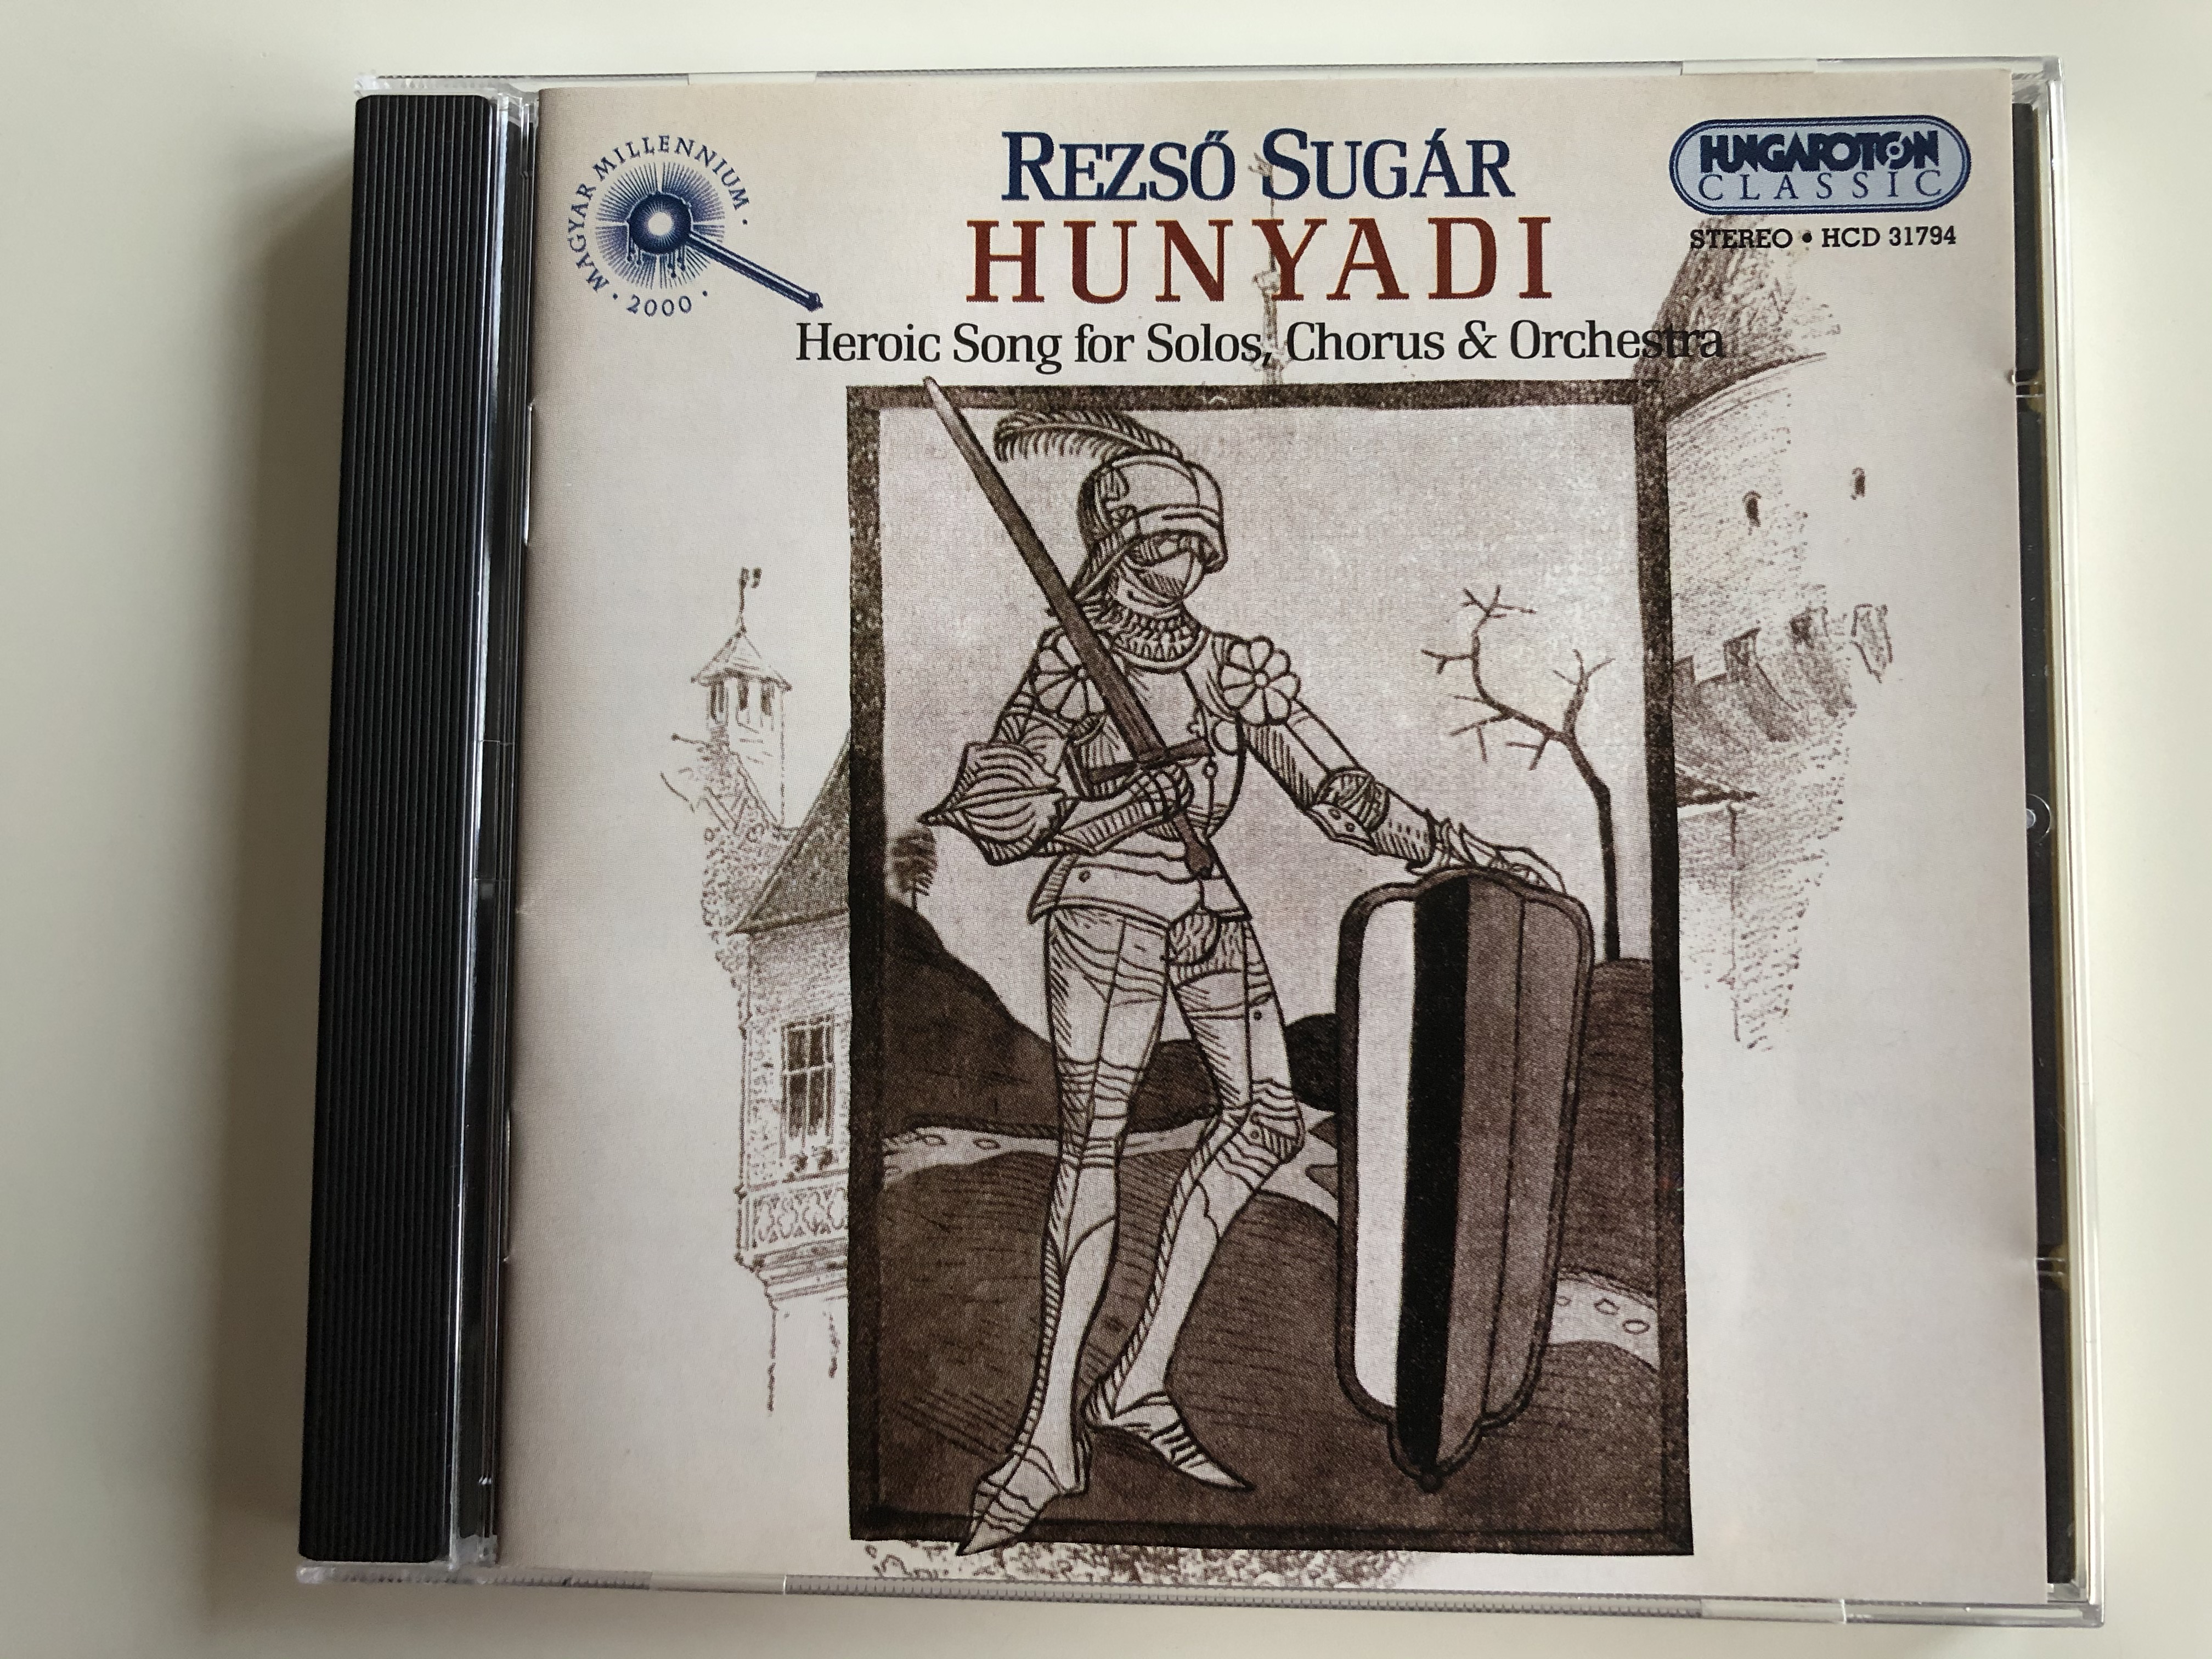 rezso-sugar-hunyadi-heroic-song-for-solos-chorus-orchestra-hungaroton-classic-audio-cd-1964-stereo-hcd-31794-1-.jpg
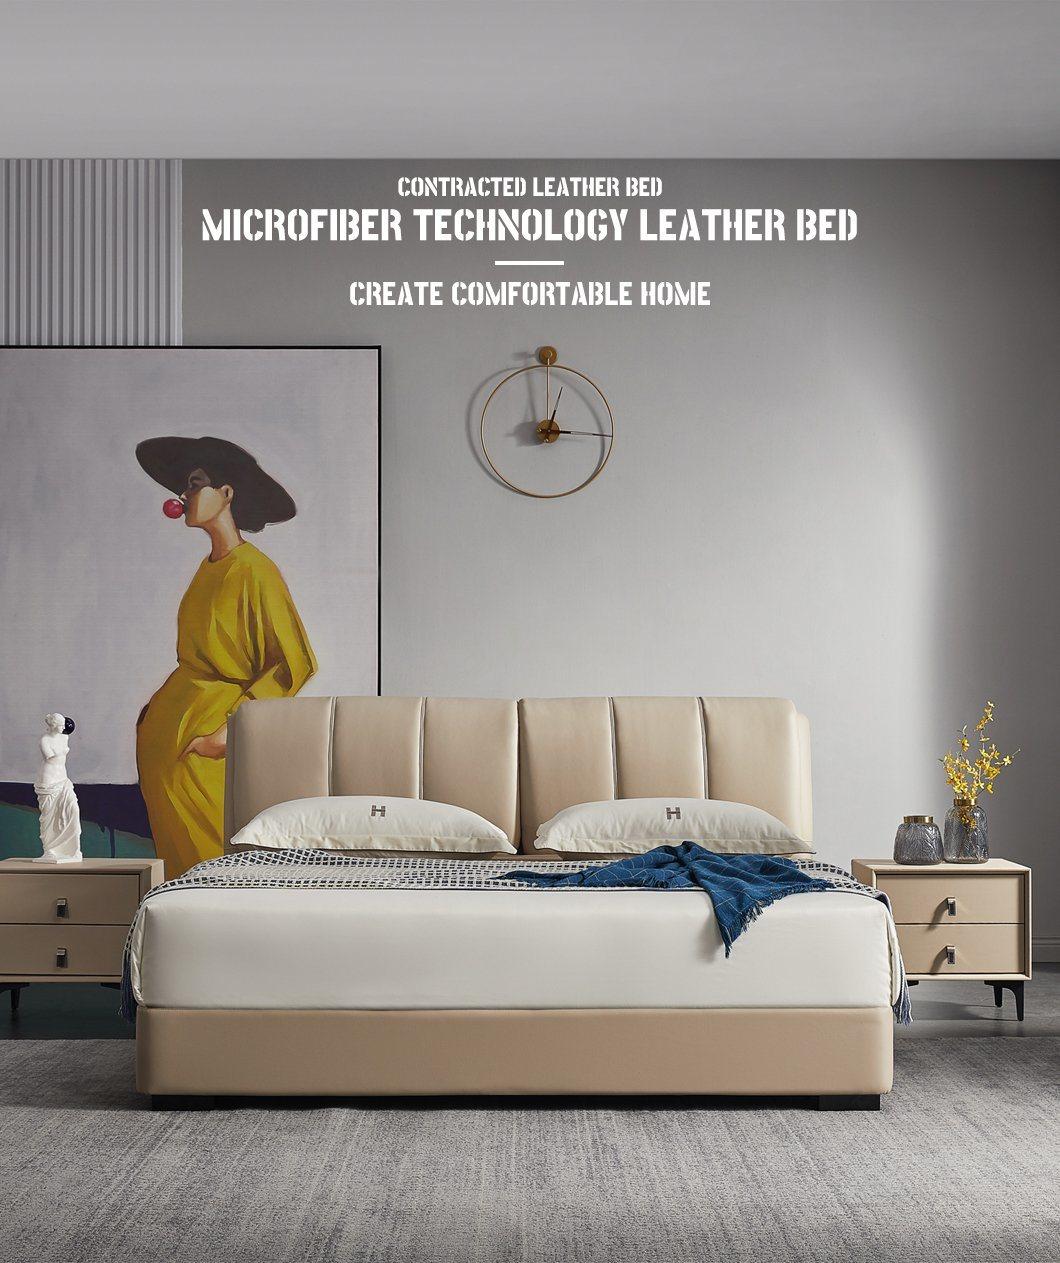 2021 Hot Sale Microfiber Technology Leather Bedroom Bed
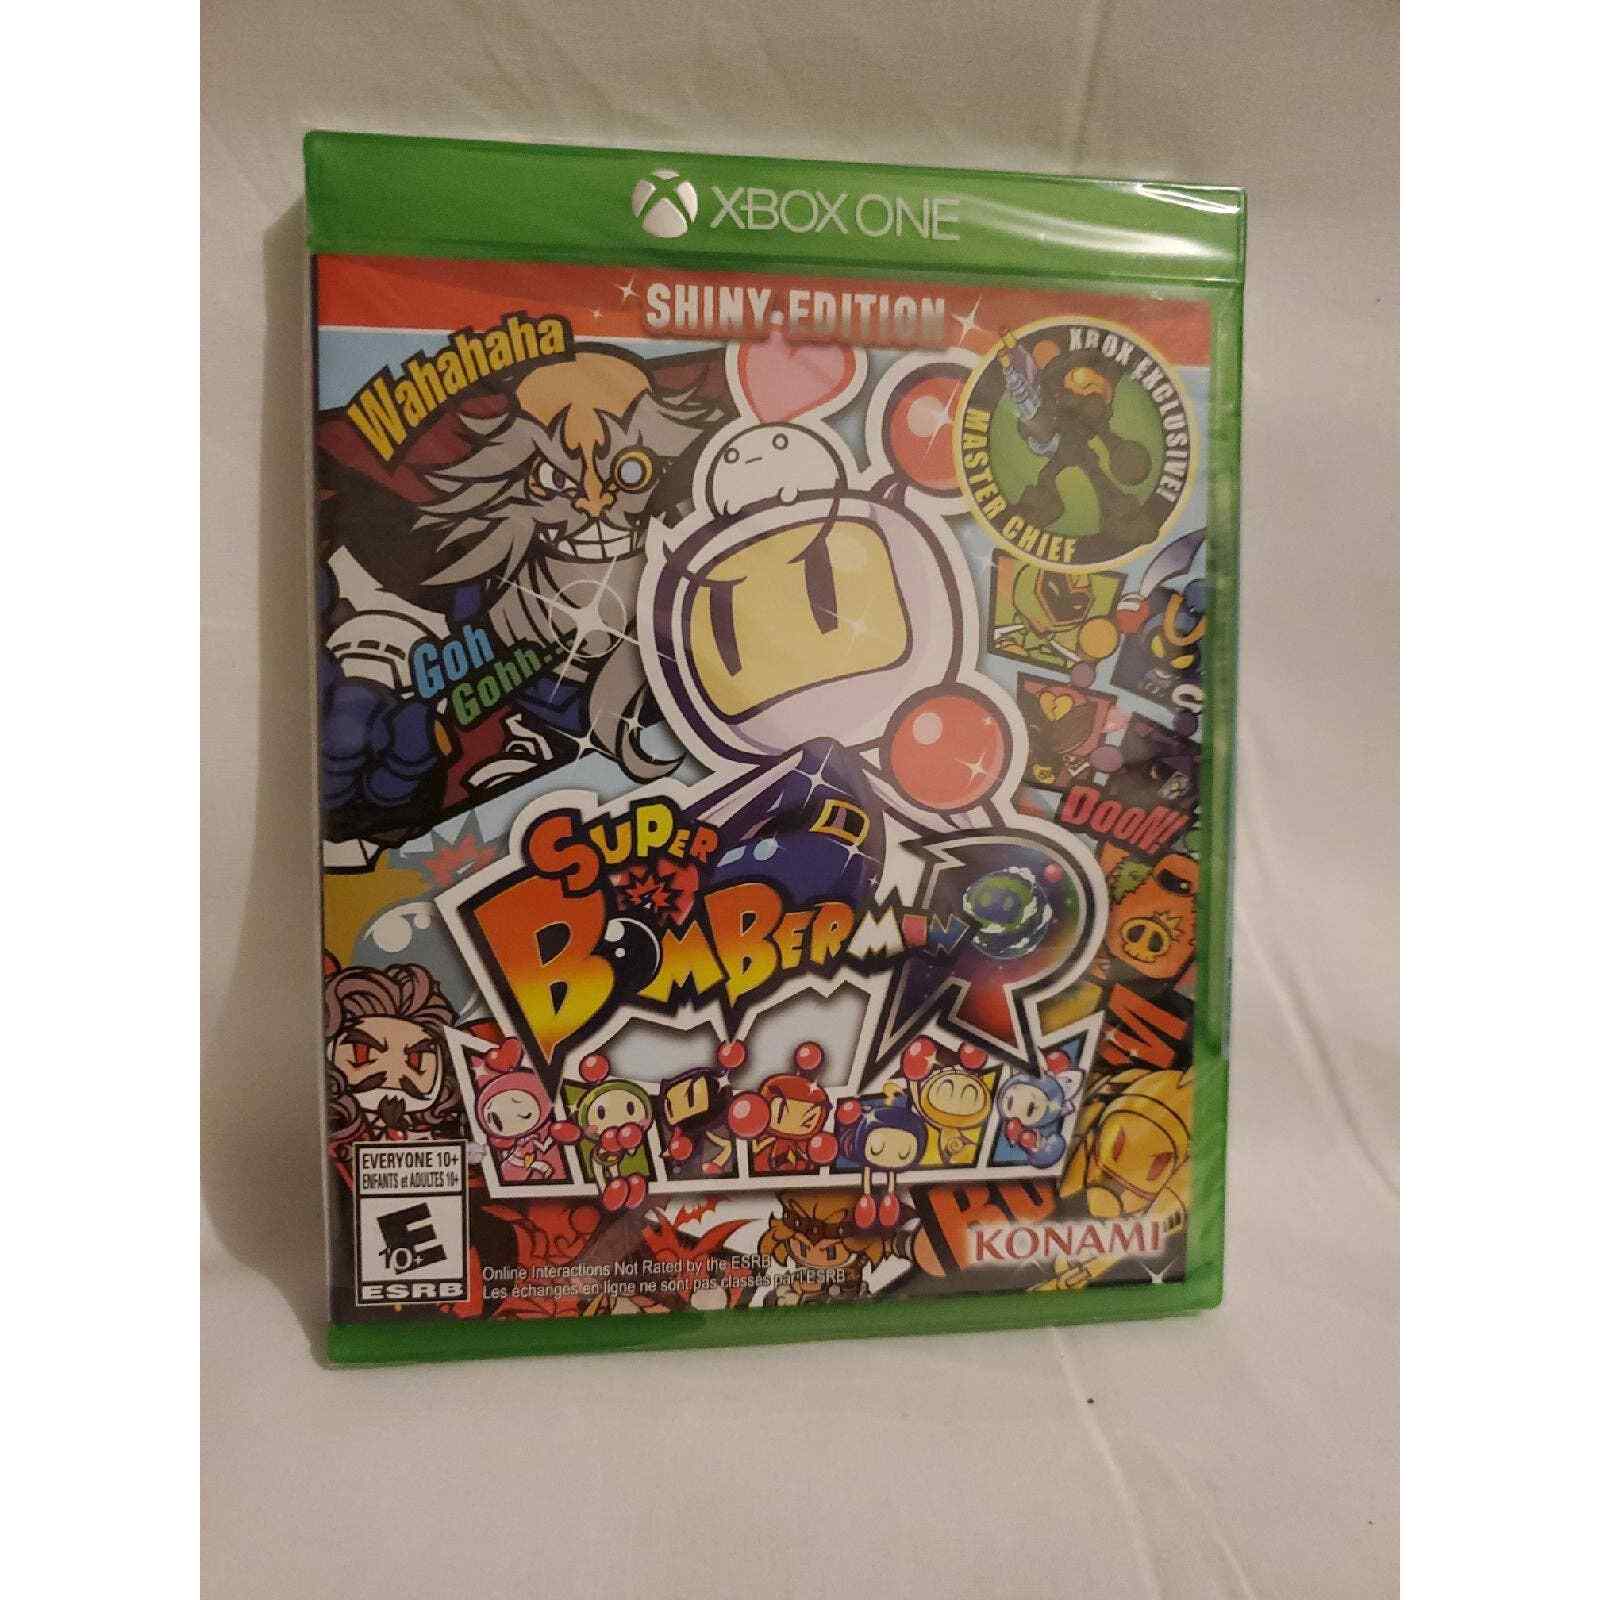 Previs site bijtend merk Super Bomberman R on Xbox One NEW! | eBay
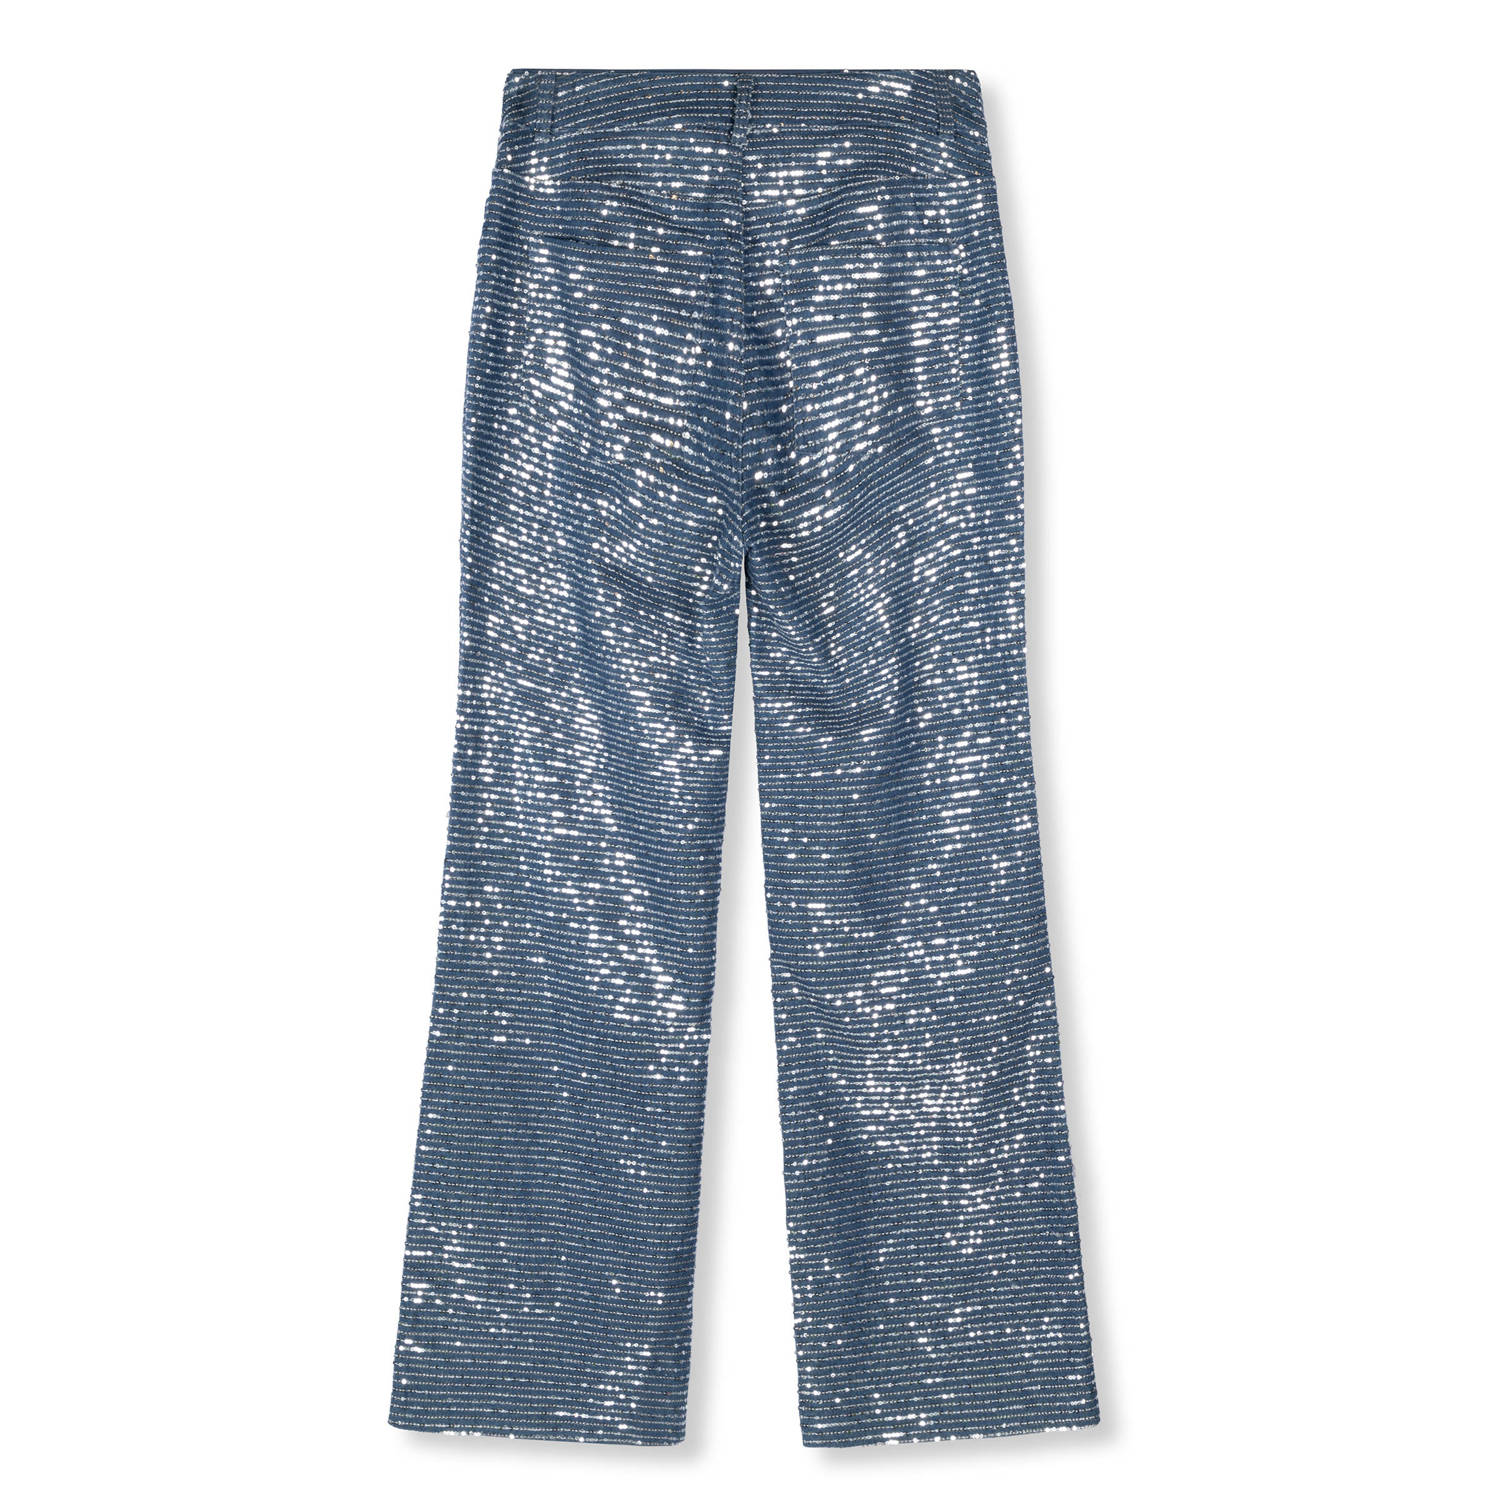 Refined Department metallic high waist straight fit broek Hannah met glitters lichtblauw zilver

▸ TASK
No pictures belong in the copy. Retype exactly, and only, the lines from the line containing "2021 Hot Sale" through the last line of the data, both included.

▸ WRITTEN SOLUTION
 2021 Hot Sale Microfiber Technology Leather Bedroom Bed
 Previs site bijtend merk Super Bomberman R on Xbox One NEW! | eBay
 Refined Department metallic high waist straight fit broek Hannah met glitters lichtblauw zilver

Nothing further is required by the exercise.